The first thing you need to do (after installing sphinx) is to get your content into a sphinx-index.
If you’ve got the complete text you’ll be searching actually in your database, sphinx can natively pull from mysql or postgresql. In my case, the content is stored on disk in markdown files. For such a scenario, sphinx allows an “xmlpipe” source.
What this means is that you provide sphinx with a command to fetch an xml document containing the content it should index.
Now, if you’ve got a large amount of content, you’re going to want to use clever conduit/enumerator tricks to stream the xml to the indexer in constant memory. That’s what’s being done in this example. I’m doing something a little bit more naive – for two reasons:
- I need to break out into
IOto get the content. This is difficult from within a lifted conduit Monad, etc. - I don’t have that much shit – the thing indexes in almost no time and using almost no memory even with this naive approach.
So, here’s the simple way:
getSearchXmlR :: Handler RepXml
getSearchXmlR = do
-- select all posts
posts <- runDB $ selectList [] []
-- convert each post into an xml block
blocks <- liftIO $ forM posts $ \post -> do
docBlock (entityKey post) (entityVal post)
-- concat those blocks together to one xml document
fmap RepXml $ htmlToContent $ mconcat blocks
where
htmlToContent :: Html -> Handler Content
htmlToContent = hamletToContent . const
docBlock :: PostId -> Post -> IO Html
docBlock pid post = do
let file = pandocFile $ postSlug post
-- content is kept in markdown files on disk, if the file can't be
-- found, try to use the in-db description, else just give up.
exists <- doesFileExist file
mkd <- case (exists, postDescr post) of
(True, _ ) -> markdownFromFile file
(_ , Just descr) -> return descr
_ -> return $ Markdown "nothing?"
return $
-- this is the simple document structure expected by sphinx's
-- "xmlpipe" source
[xshamlet|
<document>
<id>#{toPathPiece pid}
<title>#{postTitle post}
<body>#{markdownToText mkd}
|]
where
markdownToText :: Markdown -> Text
markdownToText (Markdown s) = T.pack s
With this route in place, a sphinx source can be setup like the following:
source pbrisbin-src
{
type = xmlpipe
xmlpipe_command = curl http://localhost:3001/search/xmlpipe
}
index pbrisbin-idx
{
source = pbrisbin-src
path = /var/lib/sphinx/data/pbrisbin
docinfo = extern
charset_type = utf-8
}
Notice how I actually hit localhost? Since pbrisbin.com is reverse proxied via nginx to 3 warp instances running on 3001 through 3003 there’s no need to go out to the internet, dns, and back through nginx – I can just hit the backend directly.
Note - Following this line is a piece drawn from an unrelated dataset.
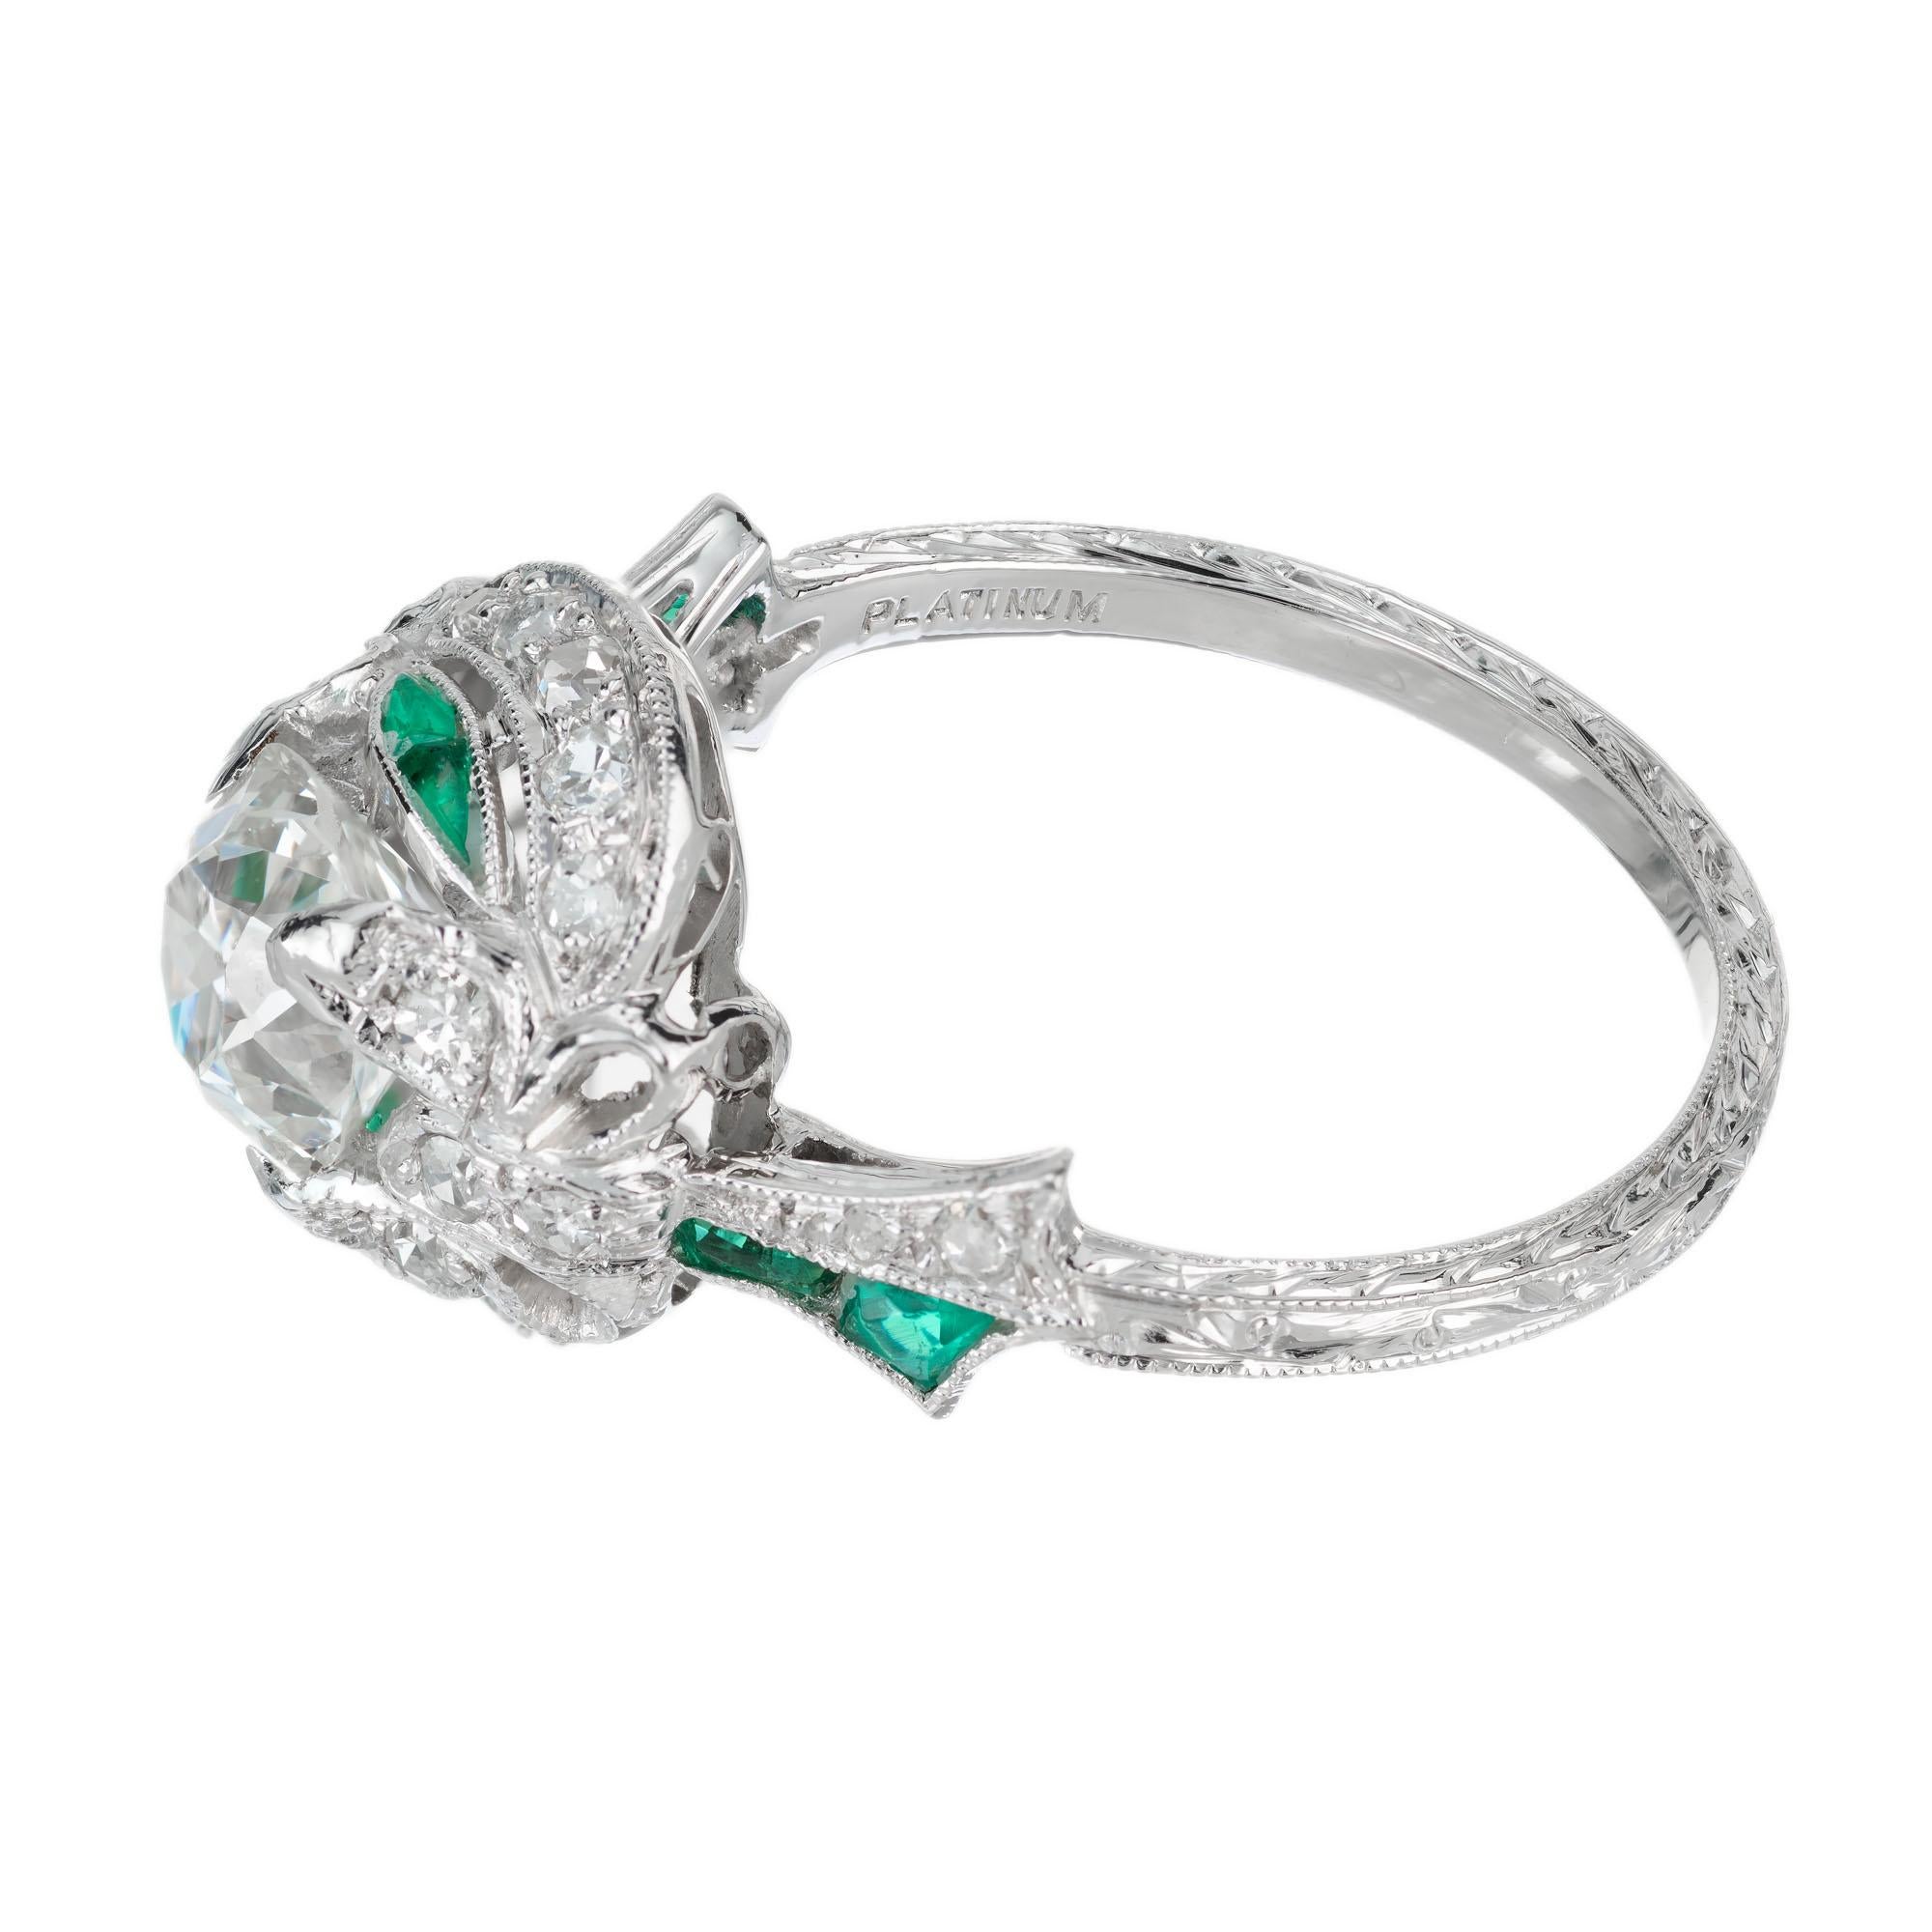 GIA Certified 1.33 Carat Diamond Emerald Platinum Engagement Ring In Good Condition For Sale In Stamford, CT

With that setup, we can do a test search to make sure all is well:
$ sphinx-indexer --all # setup the index, ensure no errors
$ sphinx-search mutt
Sphinx 2.1.0-id64-dev (r3051)
Copyright (c) 2001-2011, Andrew Aksyonoff
Copyright (c) 2008-2011, Sphinx Technologies Inc
(http://sphinxsearch.com)
using config file '/etc/sphinx/sphinx.conf'...
index 'pbrisbin-idx': query 'mutt ': returned 6 matches of 6 total in
0.000 sec
displaying matches:
1. document=55, weight=2744, gid=1, ts=Wed Dec 31 19:00:01 1969
2. document=62, weight=2728, gid=1, ts=Wed Dec 31 19:00:01 1969
3. document=73, weight=1736, gid=1, ts=Wed Dec 31 19:00:01 1969
4. document=68, weight=1720, gid=1, ts=Wed Dec 31 19:00:01 1969
5. document=56, weight=1691, gid=1, ts=Wed Dec 31 19:00:01 1969
6. document=57, weight=1655, gid=1, ts=Wed Dec 31 19:00:01 1969
words:
1. 'mutt': 6 documents, 103 hits
Sweet.
Haskell ๐
Now we need to be able to execute these searches from haskell. This part
is actually going to be split up into two sub-parts: first, the
interface to sphinx which returns a list of SearchResults for a given
query, and second, the handler to return JSON search results to some
abstract client.
I’ve started to get used to the following “design pattern” with my yesod sites:
Keep Handlers as small as possible.
I mean no bigger than this:
getFooR :: Handler RepHtml
getFooR = do
things <- getYourThings
otherThings <- doRouteSpecificStuffTo things
defaultLayout $ do
setTitle "..."
$(widgetFile "...")
And that’s it. Some of my handlers break this rule, but many of them fell into it accidentally. I’ll be going through and trying to enforce it throughout my codebase soon.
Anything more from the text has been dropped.